I was wondering if can be a possibility to use the message broker API or a new API to store all the events (and maybe the offsets) used on the persistence layer and the read side as a partial replacement of the Cassandra duties.

I see a better fit for the events to be stored / read on a system like Kafka but at the same time i understand the complexities behind depending on 2 systems (eg: cassandra and kafka) for just one responsibility like state reconstruction from snapshots.

Apologies if this question is totally out of place or is a totally nonsense (my knowledge of Lagom it’s limited at the moment) i just felt that kafka can be better pro-fitted in some cases, but maybe the place of this is not on the message broker API, and should be a additional implementation/configuration of the PersistentEntity.

Probably there are a lot of stopper for something like this to be possible, probably things like the way to handle the partitions, so please enlighten me.

Thanks

@darkxeno there were so many times I thought about the same thing. Check this out.

So if I understood correctly that means that the transactional storage of the events it’s required maybe for the sequential entity updates to work correctly on the persistent entity layer as a failsafe mechanism.
But even if that’s the case there could be ways on how to overcome that by using the new kafka transational API: https://www.confluent.io/blog/transactions-apache-kafka/

Do you know whats the main reason behind the requirement of the multiple events atomic storage? I just found one or two mentions about it on the documentation but don’t remember to have found the actual reason behind.

Its the all or nothing storage for cascading of changes (doesn’t sound very addecuate for CQRS aggregates) or it’s only to assure state consistency to avoid the possibility of loosing events.

Thanks

@darkxeno did not have time to study all of this in details so can not comment.
But regarding multiple events atomic storage, I believe it is referring to ordered entity instance event batch insert with all or nothing.

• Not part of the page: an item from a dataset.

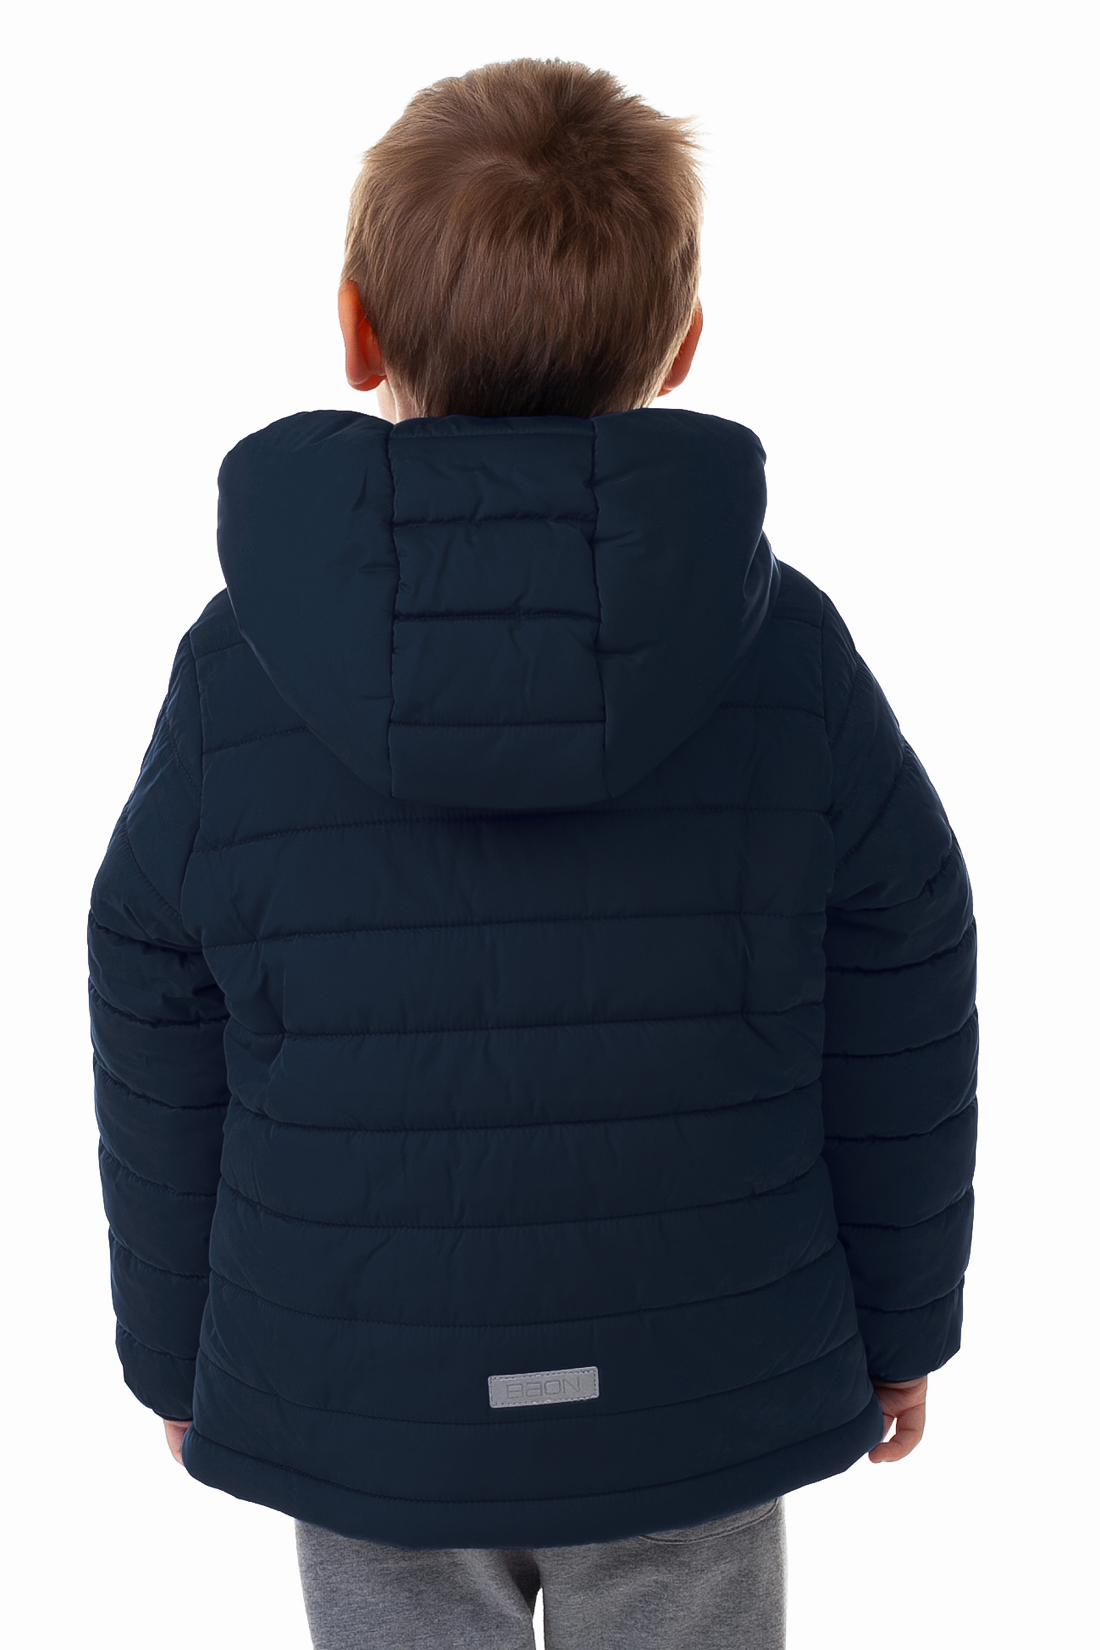 Куртка для мальчика (арт. baon BK538505), размер 110-116, цвет синий Куртка для мальчика (арт. baon BK538505) - фото 2

From my perspective biggest advatange of kafka as a journal storage, in context of Lagom, is read side creation scalability.
With, for example cassandra storage, readside creation (readside processor) scalability depends on predfined static number of event shards that can not be changed (because of the event tagging algorithm). Readside processor event query is very heavy in case of big number of shards.

From my perspective cassandra journal storage in combination with Kafka would be the best match (regarding flexibility and scaling):

  1. store journal in cassandra as it is now
  2. use journal for write side and for publishing to kafka (using topic producer) - as it is now
  3. expose kafka consumer based readside processor (has no scale limitations)